The family down the street still votes wrong -- every single time -- we can tell by the political signs he puts in his yard. And the family down the road still has that bright pink house with the green trim. But they are OUR neighbors. The neighborhood wouldn't be the same without them.

I suppose we could extend this way of thinking to our church family, as well. Jesus would. Most of us haven't changed much in the past few years. We believe what we believe and we know how Scripture speaks to us. But, I for one can proudly proclaim: "I am a Presbyterian." And each of the many faces of Presbyterianism can do the same thing. I can see the television spot now: "I am a Presbyterian" ringing from pew to pew.

The charge this morning was to help provide a spiritual foundation for Labor Day. Perhaps my comments have been a bit rambling, but heartfelt nonetheless. A bit of history, a couple of saints, a grievance procedure, and our Lord's wish for us to Love One Another -- or at the very least, "show a little respect."  

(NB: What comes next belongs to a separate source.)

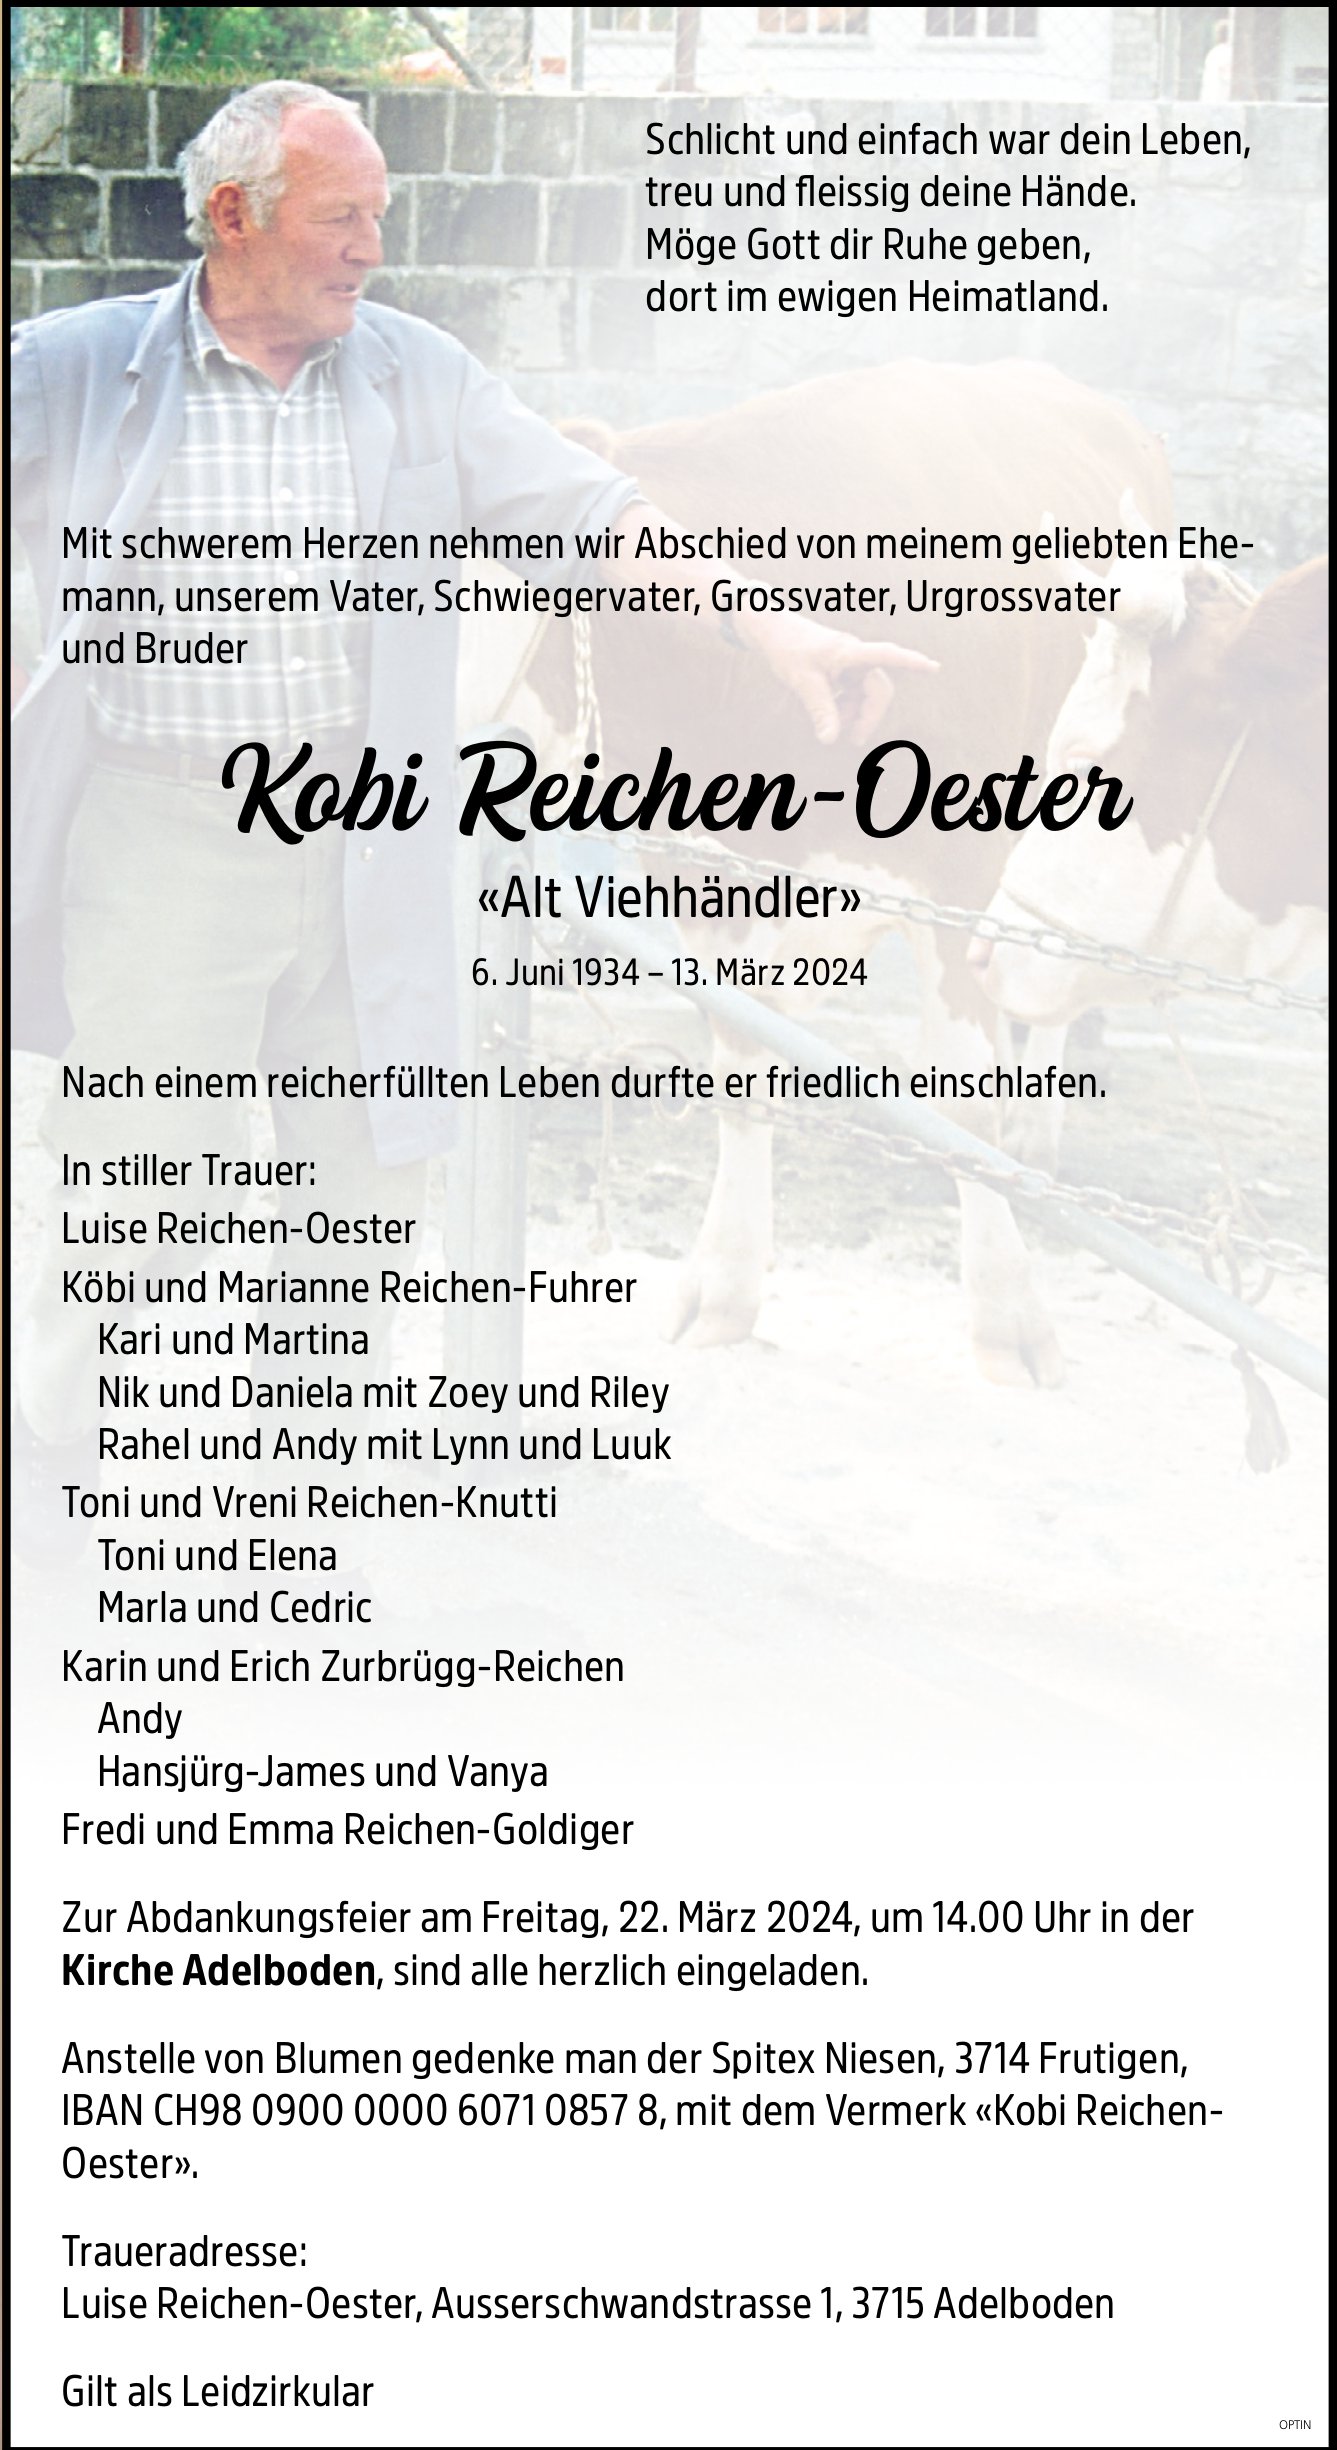 Kobi Reichen-Oester, März 2024 / TA

In closing, I'd like to offer a prayer I adapted from an old Presbyterian Worshipbook. You might recognize it. I offer it in the spirit of Dorothy Day and Mother Jones, and the Host of Saints through the generations who have worked for the betterment of our world and our people. I also offer it in memory of those who died at work just about a year ago, September 11:

It's a responsive prayer, so when I point to you, your part is:

"Work along side them, O God."

By the power of an Almighty, Universal Mystery -- whom we call God -- the sick are healed, the grieving are comforted, and the hopeless find hope, renewed life, work and love. Creator of the universe, you are ever at work with us in our world.

This morning, we offer our prayers for all who work for their living: We ask that you work along side of them, O God; protect them, guide them, give them strength, safety, and rest at the end of each of their days. (pause)

Lord, we pray for those who fly our skies and protect our homeland security:


Lord, we pray for those who serve our national defense, in our military, in our diplomatic corps, in our Halls of Justice: 


We pray for those who labor in stores, shops, warehouses; who labor in small offices and tall offices; for those who drive trucks, move goods by rail, by sea, and by air: 


We pray for those who grow our food, fish our seas, harvest our timber, build our shelters, teach our children, provide medical and supportive care for ourselves, our young, and our elderly:


We pray for those who employ and those who govern. Lead them in the paths of righteousness, O God, that they may employ and govern for the common good:


Great God, we pray for all those who have suffered and died working for us, protecting us, and caring for us. Bless their memories, God, that we may never forget.

Great God, we also pray for

all who labor without hope,

Those who labor without interest;

Those who have too little leisure, or too much;

For those who are underpaid;

For those who pay inadequate wages;

For those who cannot work, and

For those who look in vain for work.

Bless us this Labor Day weekend, O God. Help us recognize the importance of our own work and the work of others. Help us to love our neighbor. Help us to resolve our disputes with that neighbor, O God, whether that neighbor lives down the street or around the other side of the globe.

And when our lives come to a close, O God, help us remember the reassuring words of your Son, when he told us,

"Come to me, all you who are weary and burdened, and I will give you rest. Take my yoke upon you and learn from me, for I am gentle and humble in heart, and you will find rest for your souls." Amen.